- _Assignment_:
Set down the data below exactly; pictures stay out.

- _Dataset section_:
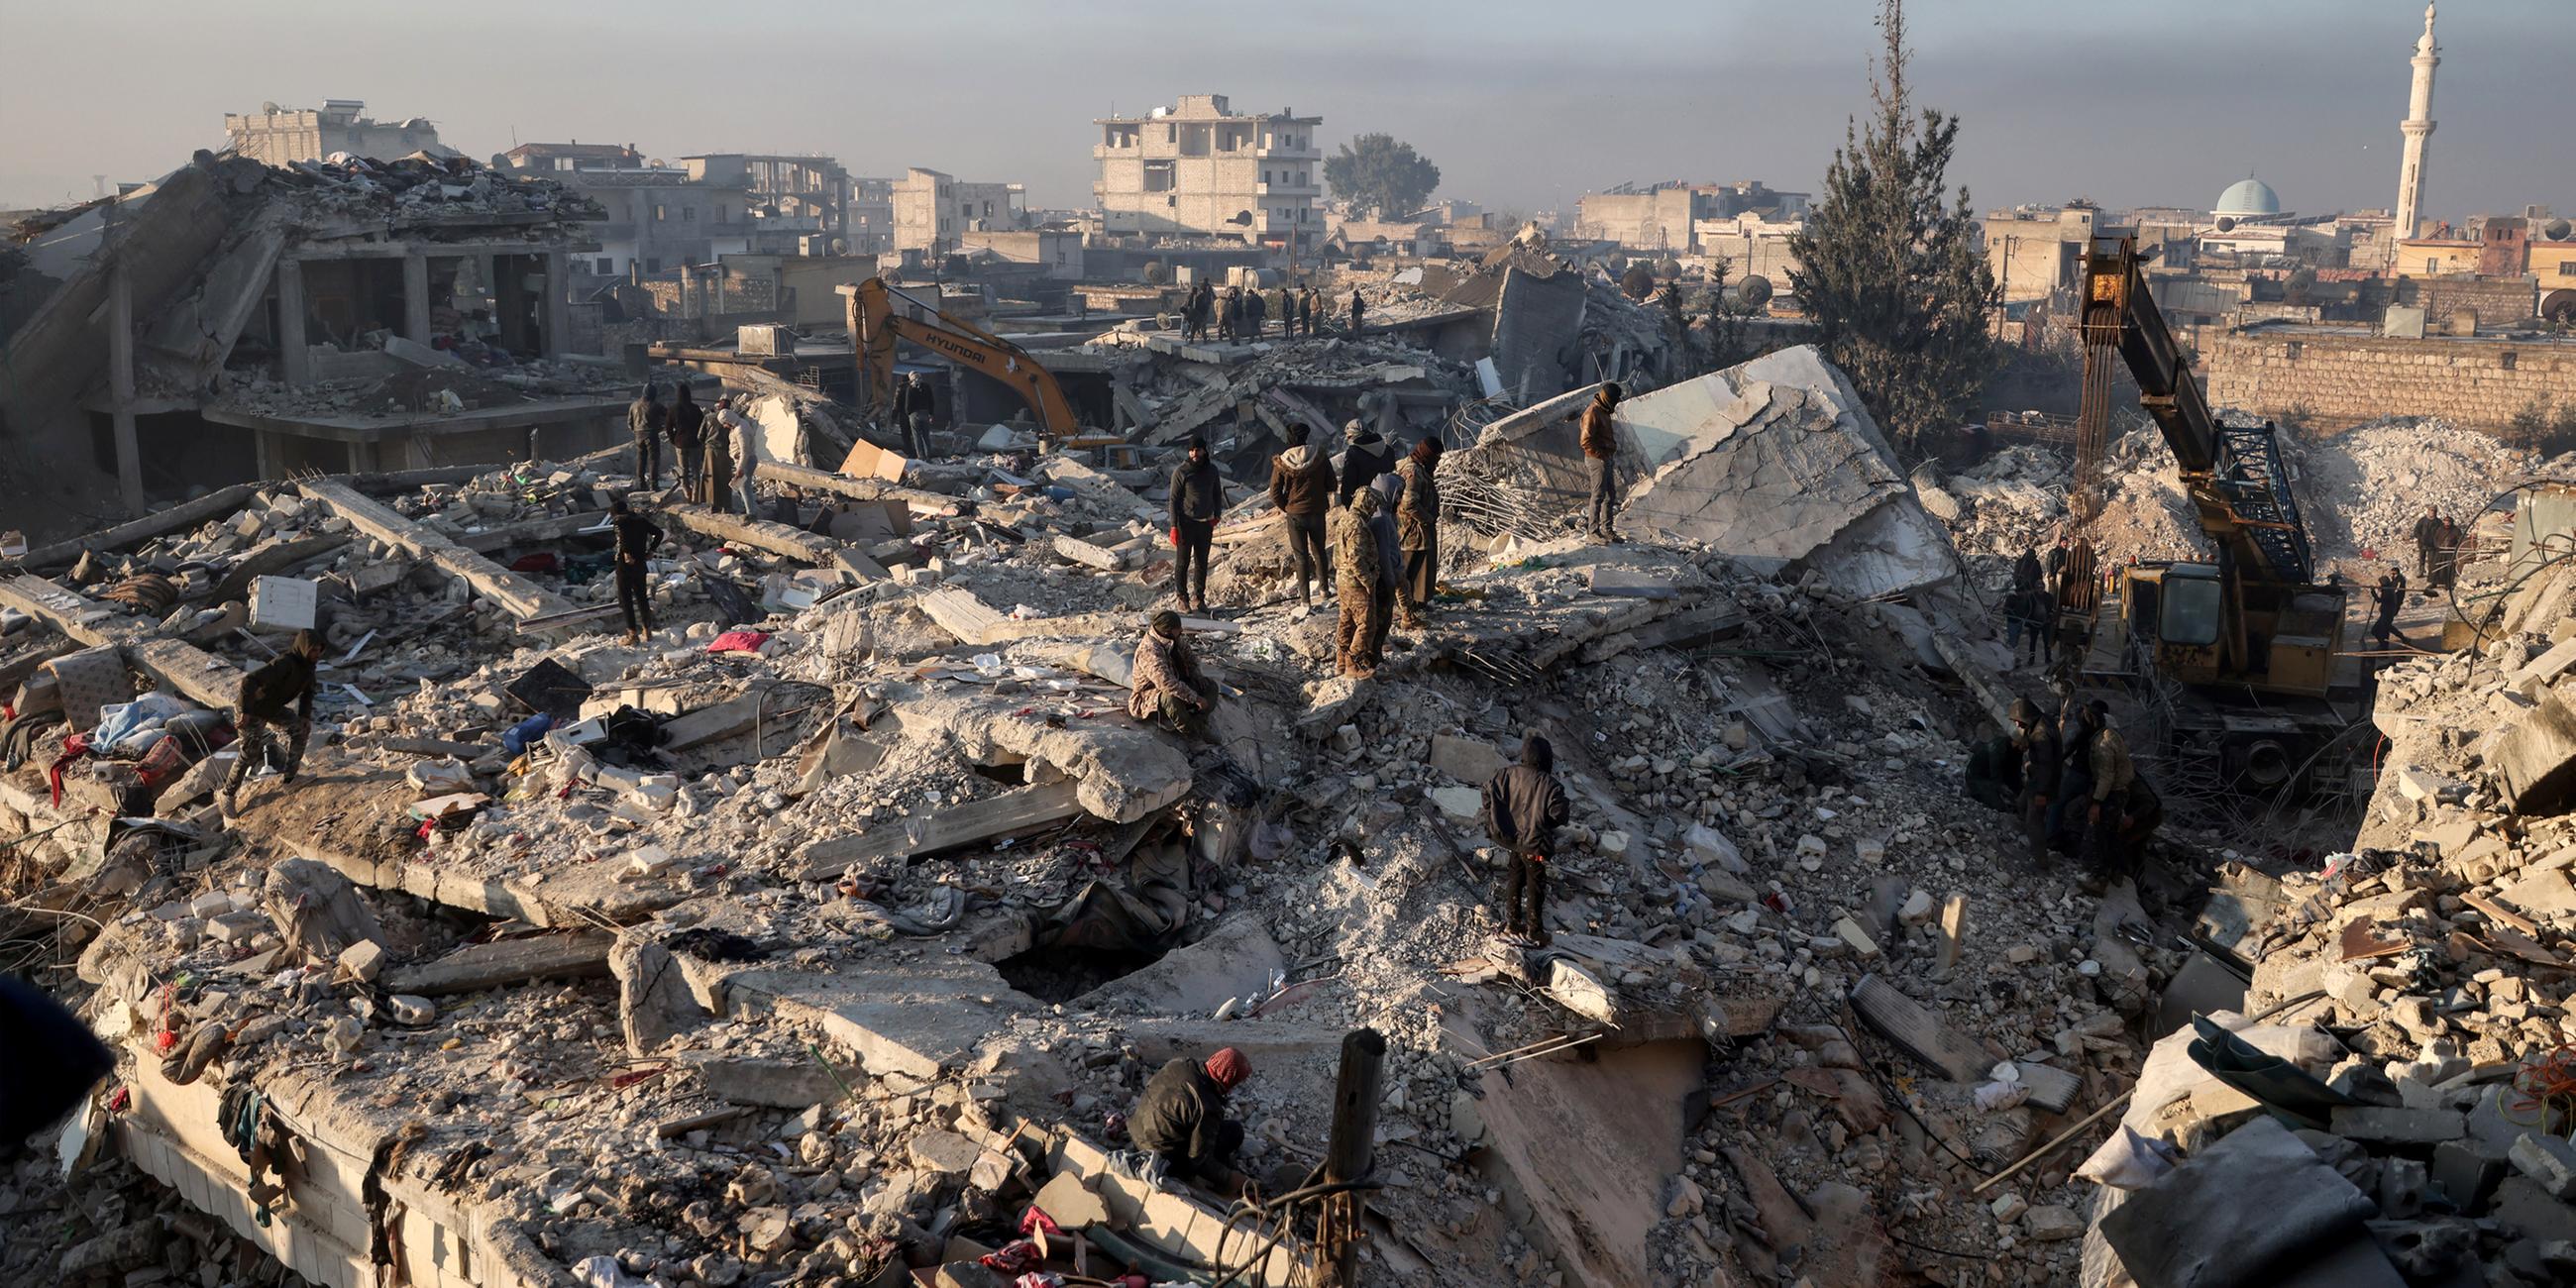 Ein Überblick über die Zerstörung, die das Erdbeben an der türkisch-syrischen Grenze angerichtet hat. Aufgenommen am 08.02.2023 in Jindires, Syrien
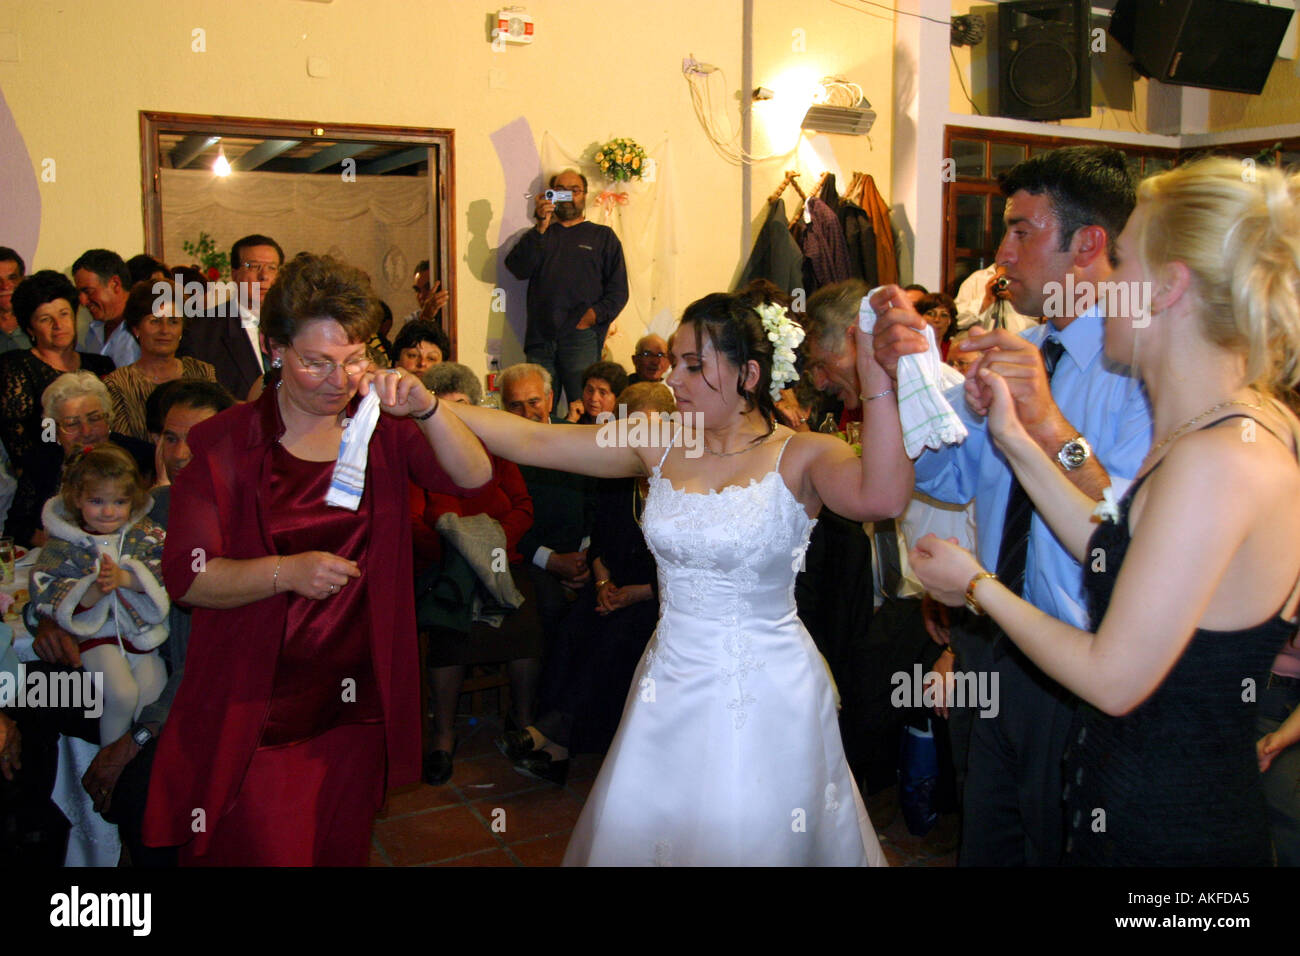 Festín de bodas fotografías e imágenes de alta resolución - Página 5 - Alamy
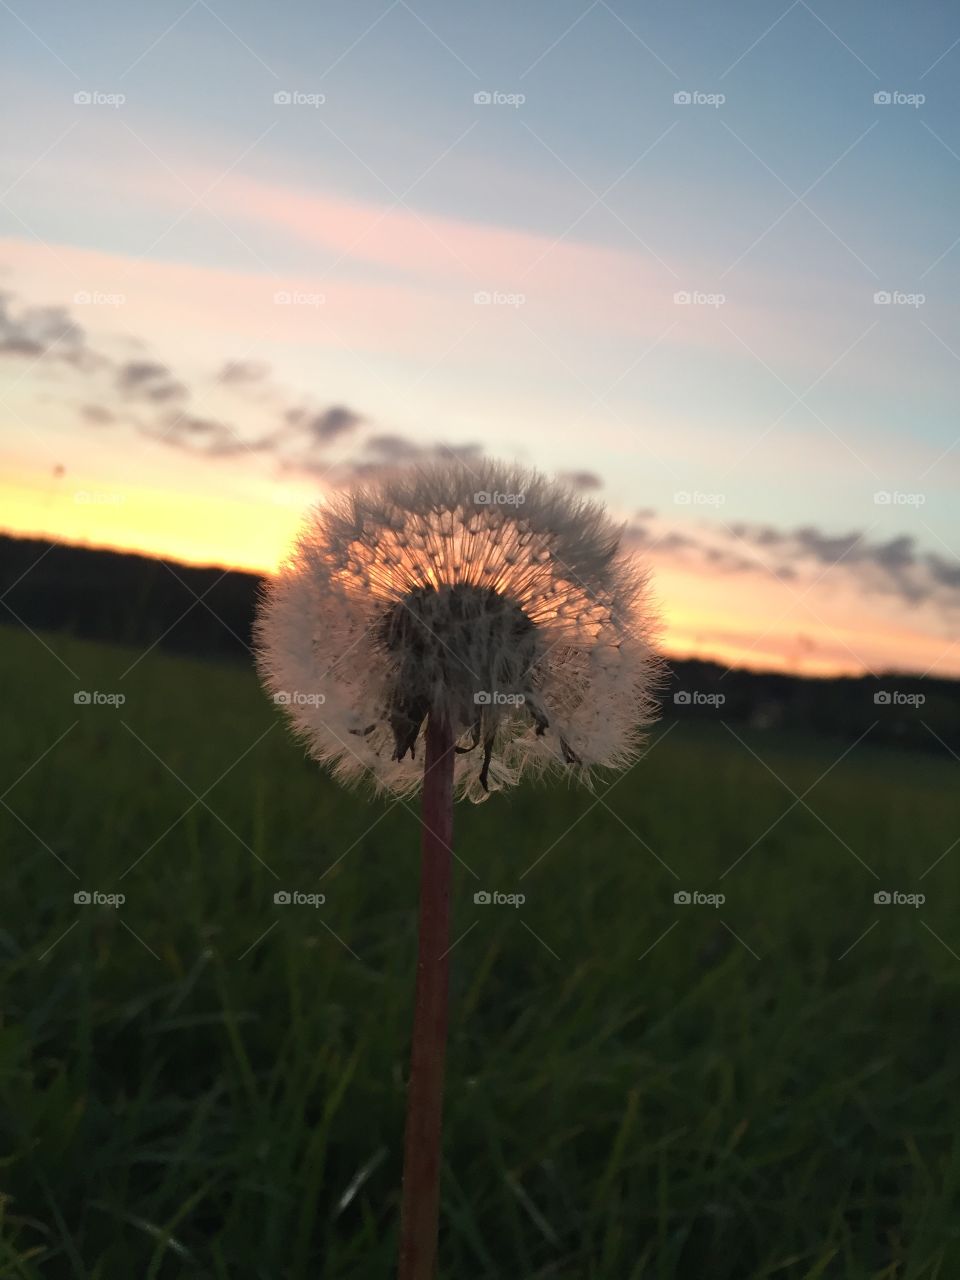 Flower in sunset
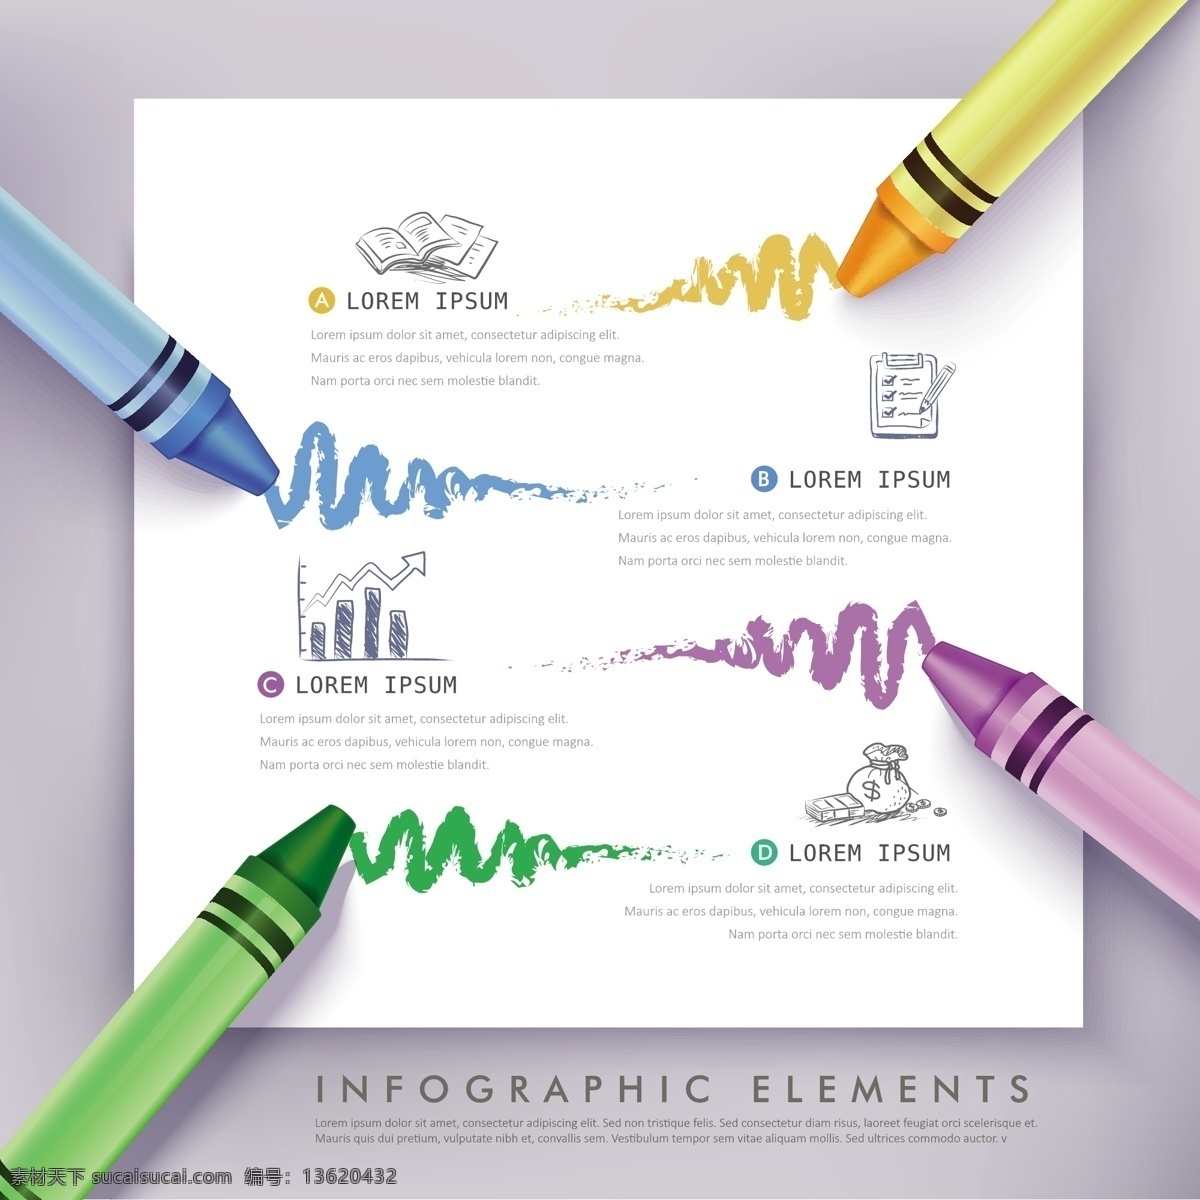 四色蜡笔涂鸦 商务信息图 矢量素材 蜡笔 商务 涂鸦 信息图 四色 白色

- _Exercise response_:
 Ein Überblick über die Zerstörung, die das Erdbeben an der türkisch-syrischen Grenze angerichtet hat. Aufgenommen am 08.02.2023 in Jindires, Syrien
 Festín de bodas fotografías e imágenes de alta resolución - Página 5 - Alamy
 Flower in sunset
 四色蜡笔涂鸦 商务信息图 矢量素材 蜡笔 商务 涂鸦 信息图 四色 白色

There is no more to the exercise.